Swift heavy ion irradiation (ions with mass heavier than 15 and energy exceeding MeV/amu) transfer their energy mainly to the electronic system with small momentum transfer per collision. Therefore, they produce linear regions (columnar nano-tracks) around the straight ion trajectory, with marked modifications with respect to the virgin material, e.g., phase transition, amorphization, compaction, changes in physical or chemical properties. In the case of crystalline materials the most distinctive feature of swift heavy ion irradiation is the production of amorphous tracks embedded in the crystal. Lithium niobate is a relevant optical material that presents birefringence due to its anysotropic trigonal structure. The amorphous phase is certainly isotropic. In addition, its refractive index exhibits high contrast with those of the crystalline phase. This allows one to fabricate waveguides by swift ion irradiation with important technological relevance. From the mechanical point of view, the inclusion of an amorphous nano-track (with a density 15% lower than that of the crystal) leads to the generation of important stress/strain fields around the track. Eventually these fields are the origin of crack formation with fatal consequences for the integrity of the samples and the viability of the method for nano-track formation. For certain crystal cuts (X and Y), these fields are clearly anisotropic due to the crystal anisotropy.
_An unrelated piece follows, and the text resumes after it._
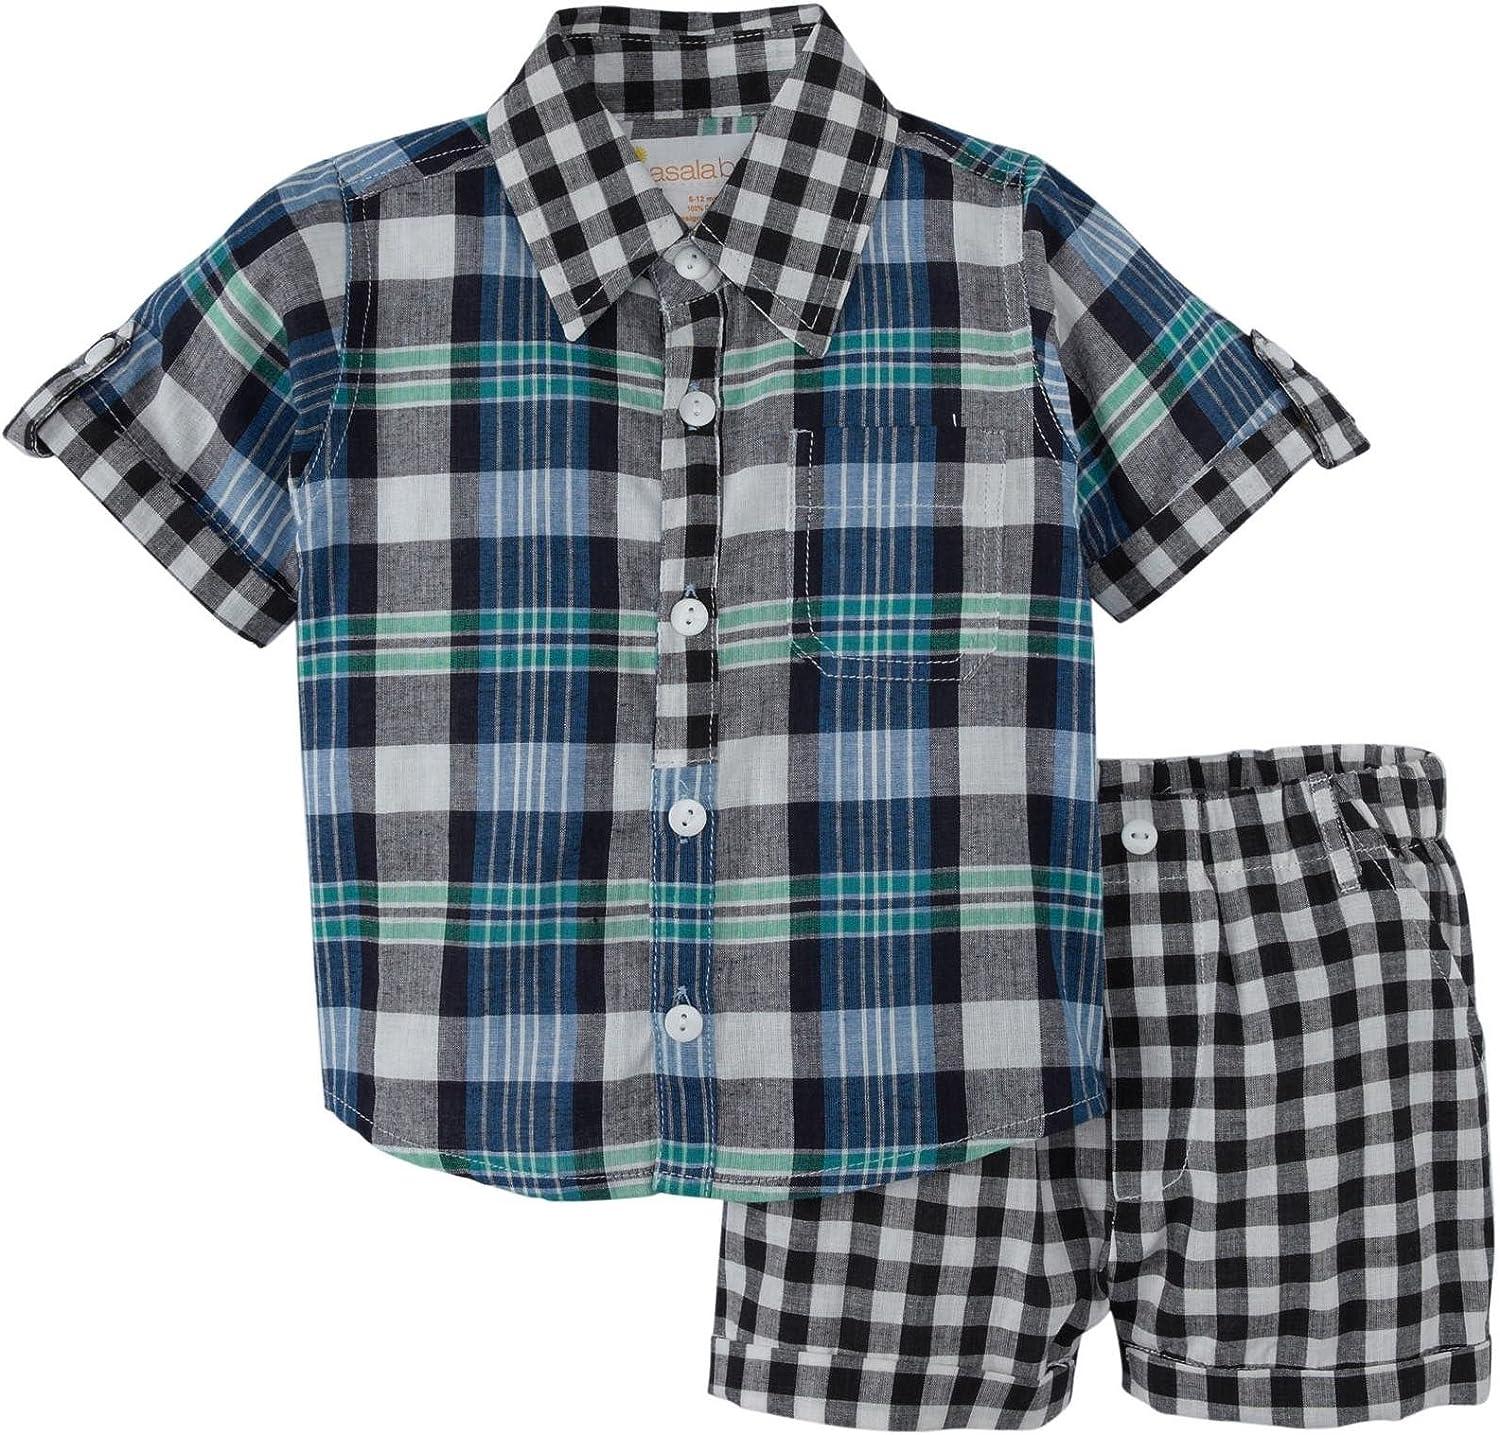 Masala Neat Shirt 2 Piece Set (Baby) Navy

We have used finite element methods to calculate the stress/strain fields that appear around the ion-generated amorphous nano-tracks for a variety of ion energies and doses. A very remarkable feature for X cut-samples is that the maximum shear stress appears on preferential planes that form +/-45º with respect to the crystallographic planes. This leads to the generation of oriented surface cracks when the dose increases. The growth of the cracks along the anisotropic crystal has been studied by means of novel extended finite element methods, which include cracks as discontinuities. In this way we can study how the length and depth of a crack evolves as function of the ion dose. In this work we will show how the simulations compare with experiments and their application in materials modification by ion irradiation.